Neuron-Silizium-Kopplung oder Hirn-Computer-Kopplung?
'Peter Fromherz
Peter Fromherz
Im Jahr 1984 sah ich in meinem Labor an der Universität Ulm im Rahmen von zwei unterschiedlichen Diplomarbeiten zum ersten Mal Nervenzellen und Siliziumwafer. Wir studierten damals, wie die elektrische Aktivität von Nervenzellen fluoreszierende Farbstoffe beeinflußt und wie künstliche Membranschichten auf mikroskopische Siliziumelektroden wirken. Dadurch angeregt, skizzierte ich im Januar 1985 – anläßlich des zwanzigsten Winterseminars "Molecules, Information and Memory" von Manfred Eigen – in einem Aufsatz Brain on Line? The Feasibility of a Neuron-Silicon Junction, wie man einen direkten elektrischen Kontakt von einer Nervenzelle mit Silizium und umgekehrt aufbauen könnte. Es hieß dort: "The information processing of the networks of neurons in a brain and of the networks of silicon chips in a computer is coupled at the present moment macroscopically through the opto-mechanical pathway eye-screen and finger-keyboard [Fig.1a]. Is a direct microscopical coupling feasible [Fig.1b] ? The utopian question may be shaped into a proper scientific problem: How to design a neuron-silicon junction?"
Es blieb nicht beim Design. Voraussetzung für die Realisierung von Neuron-Silizium-Verknüpfungen war es jedoch, die Herstellung von Siliziumchips und die Kultivation von Nervenzellen zu erlernen und zu beherrschen – in ein und demselben Laboratorium durch ein kleines Team. Sechs Jahre später publizierten wir die erste direkte elektrische Kopplung einer Nervenzelle zu einem Silizium-Transistor (1) , zehn Jahre später die erste direkte elektrische Kopplung von einer Silizium-Mikrostruktur zu einer Nervenzelle (2) .

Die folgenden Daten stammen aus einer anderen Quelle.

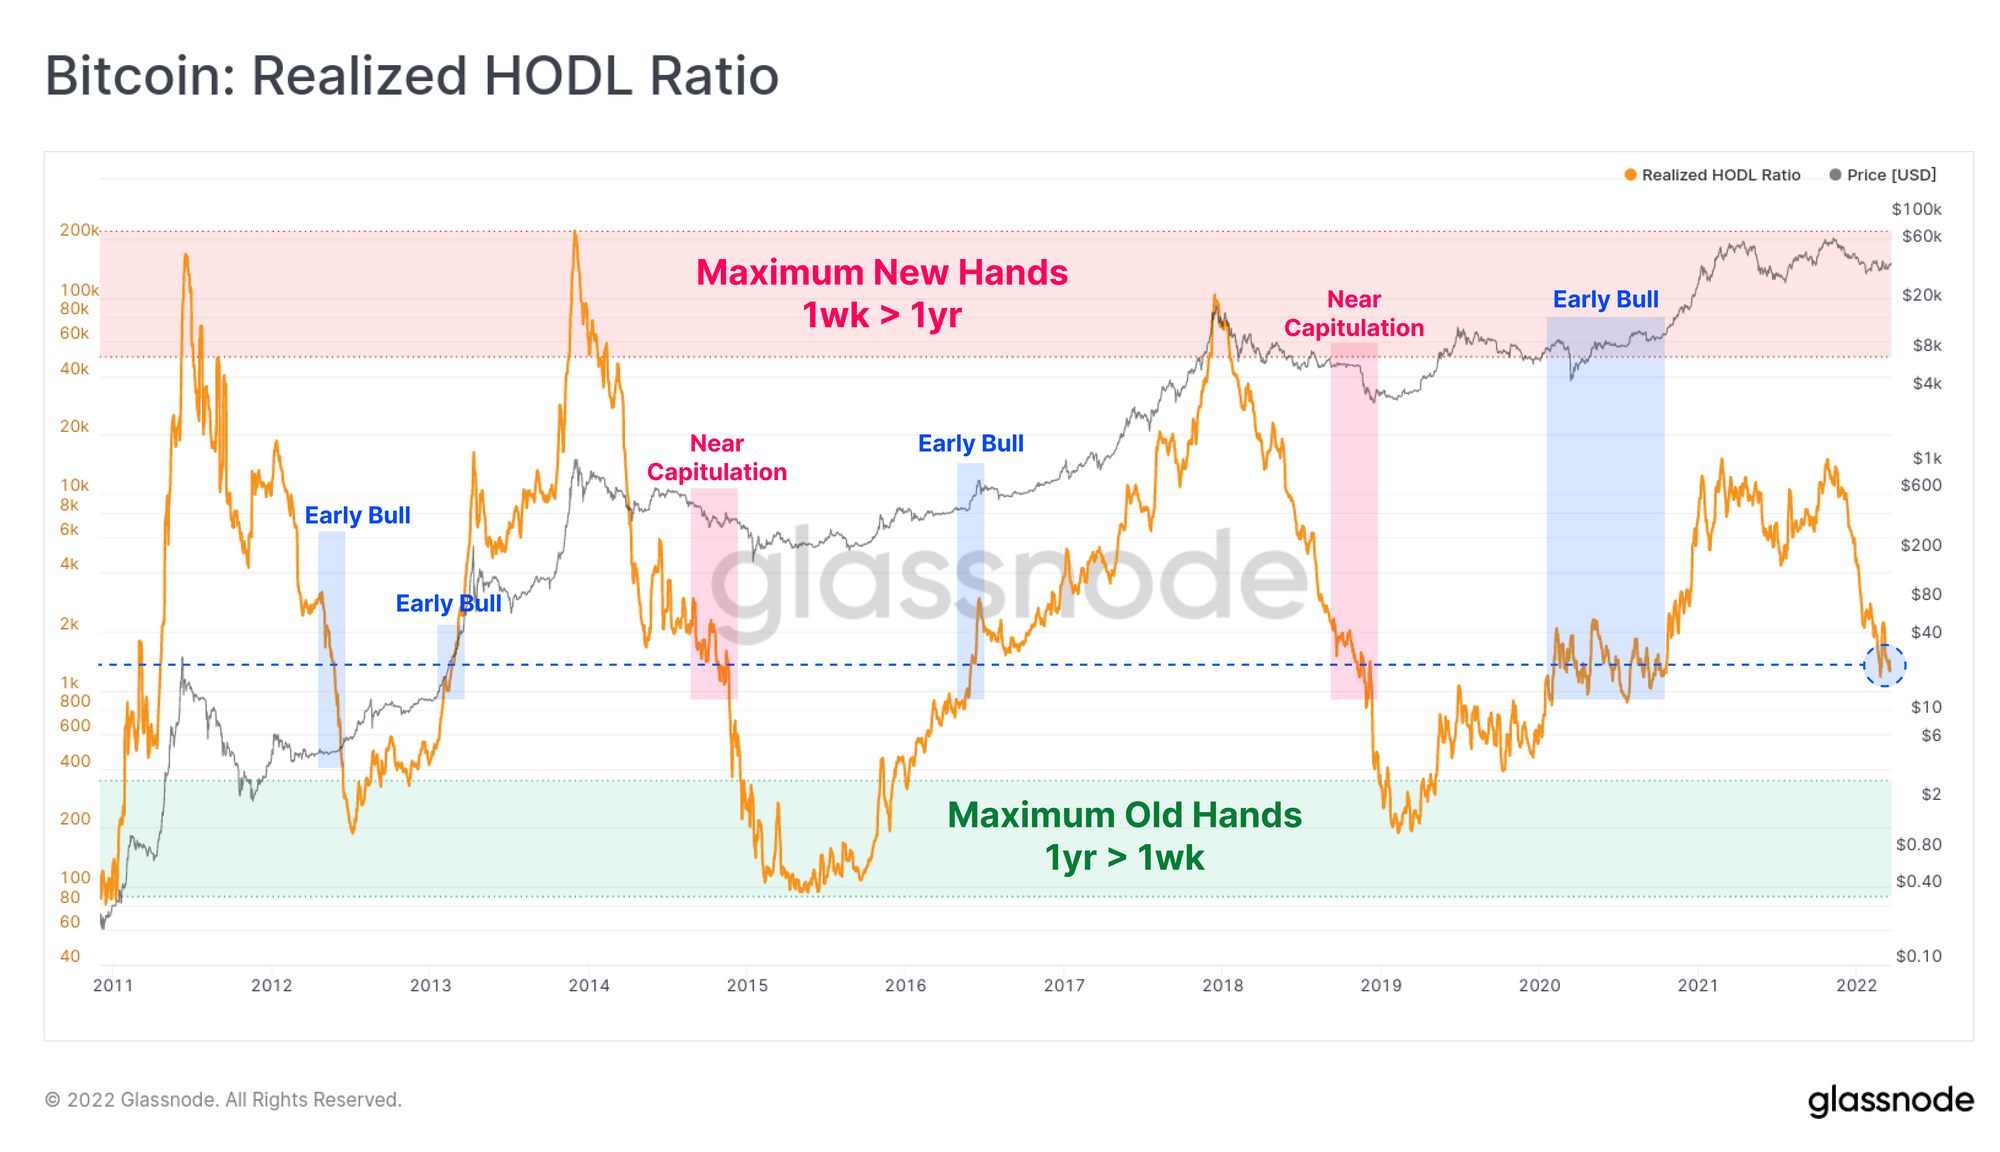 Bitcoin Realized HODL Ratio
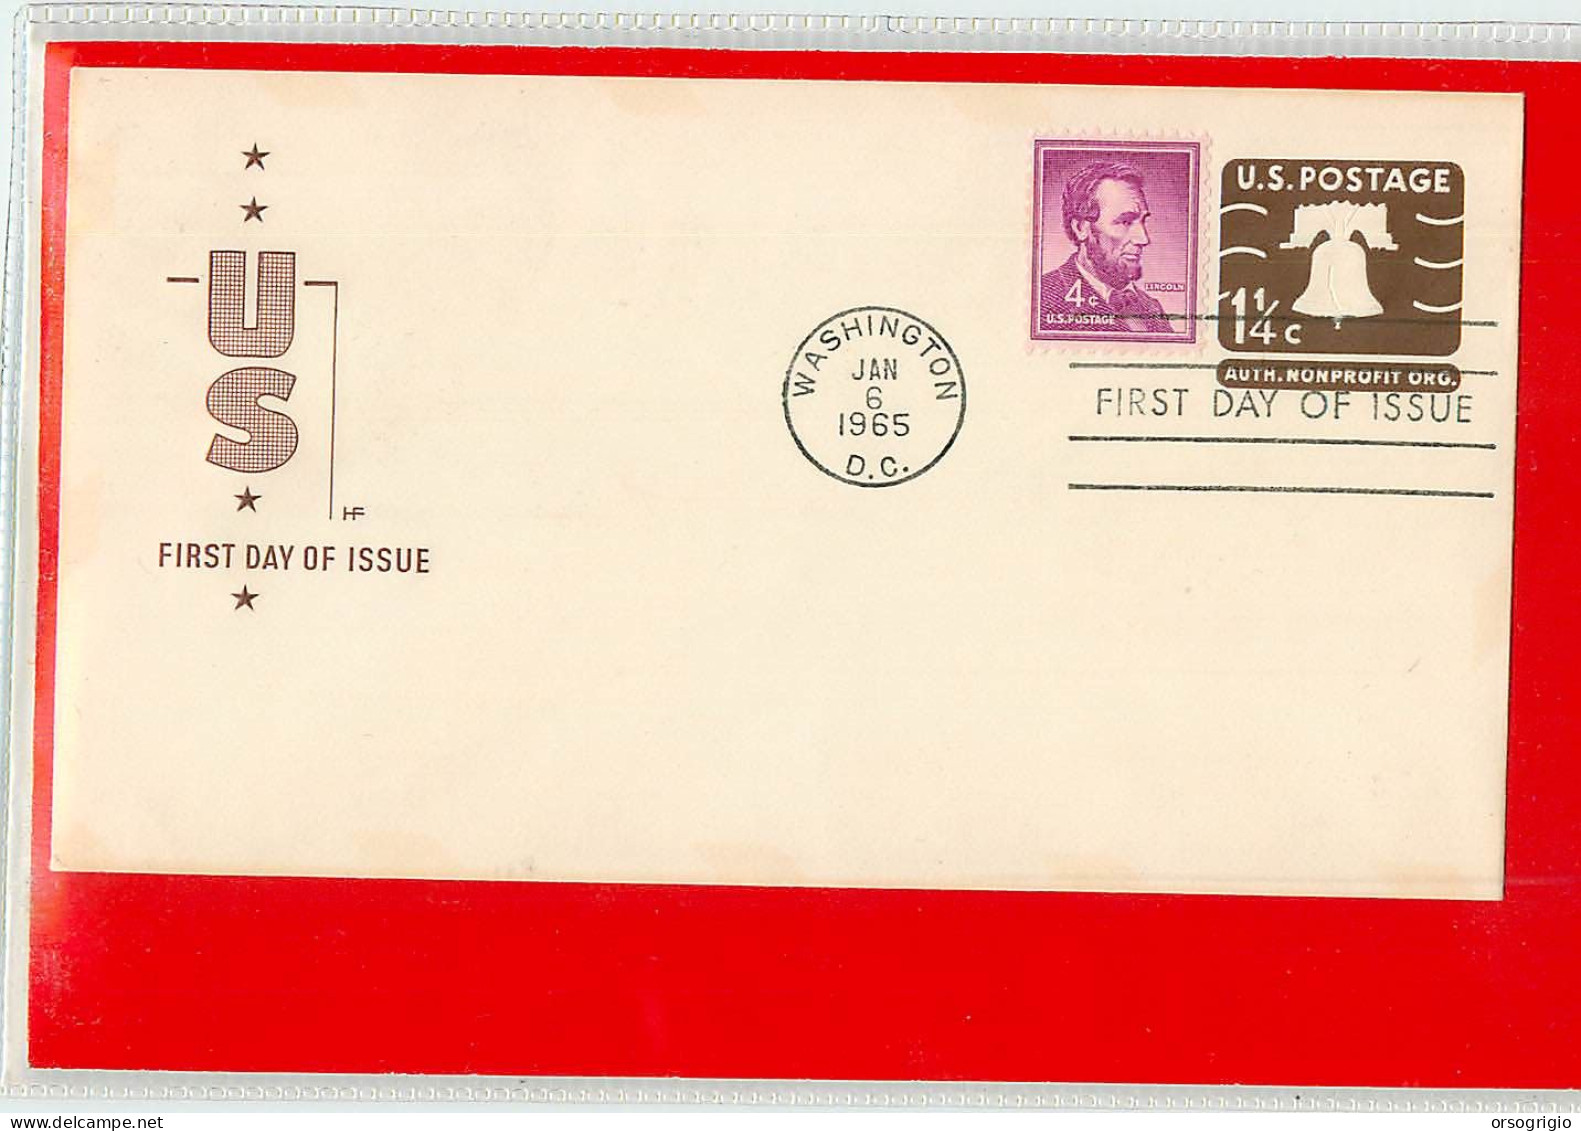 USA - EMBOSSED STAMPED ENVELOPE - FDC 1968 1.4c. - 1961-80

Inzwischen haben wir die Physik der Kopplung von Neuronen und Silizium im Detail studiert (3) – (6) . Wir wissen, wie die Qualität der Signalübertragung von der Geometrie des Kontakts von Zelle und Chip und von den elektrischen Eigenschaften der Zellmembran und des Siliziums bestimmt wird.
Alle diese Studien wurden mit großen Nervenzellen [Durchmesser circa 60 Mikrometer] aus den Ganglien des Blutegels durchgeführt. Als Beispiel ist in Fig. 2 die Verdrahtung einer solchen Nervenzelle mit 16 Transistoren eines Siliziumchips gezeigt. Erste Kopplungen mit Nervenzellen aus dem Hirn der Ratte sind kürzlich gelungen (7) . Es entstehen hier besondere Probleme wegen der geringen Größe [etwa 10 Mikrometer] der Zellen.
Die langwierigen und schwierigen Experimente haben uns gezeigt, wie groß die Lücke zwischen den Reagenzglasexperimenten der Neuron-Silizium-Kopplung und einem Interfacing von Hirn und Computer wirklich ist. Wir müssen beachten, daß es hier zwei ganz unterschiedliche Aspekte gibt – einen physikalischen und einen informatischen.
Zum einen: Die Physik der direkten Kopplung von Nervenzellen und Silizium beruht auf dem Kontakt der dünnen Zellmembran der Neurone [5 Nanometer] und der dünnen Quarzschicht, mit der das Silizium vom Wasser isoliert ist [20 Nanometer]. Nur wenn dieser Kontakt sehr eng ist [etwa 30 Nanometer], ergibt sich eine elektrische Kopplung durch das elektrische Feld [Influenz]. Diese enge Kopplung gelingt im Reagenzglas mit sauberen Siliziumchips und Nervenzellen, die aus dem Gewebe herauspräpariert sind. Es ist im Moment nicht zu sehen, wie sich solche Kontakte im Gewebe einer Nervenfaser oder eines Hirns bilden sollen. Es geht ja nicht nur darum, einzelne zufällige Kontakte zu erhalten. Wenn die beiden in sich mikroskopisch verschalteten Welten von Hirn und Computer wirklich Verbindung miteinander aufnehmen sollen und wenn eine adäquate Kommunikation zustande kommen soll, so müssen Millionen von Kontakten hergestellt werden.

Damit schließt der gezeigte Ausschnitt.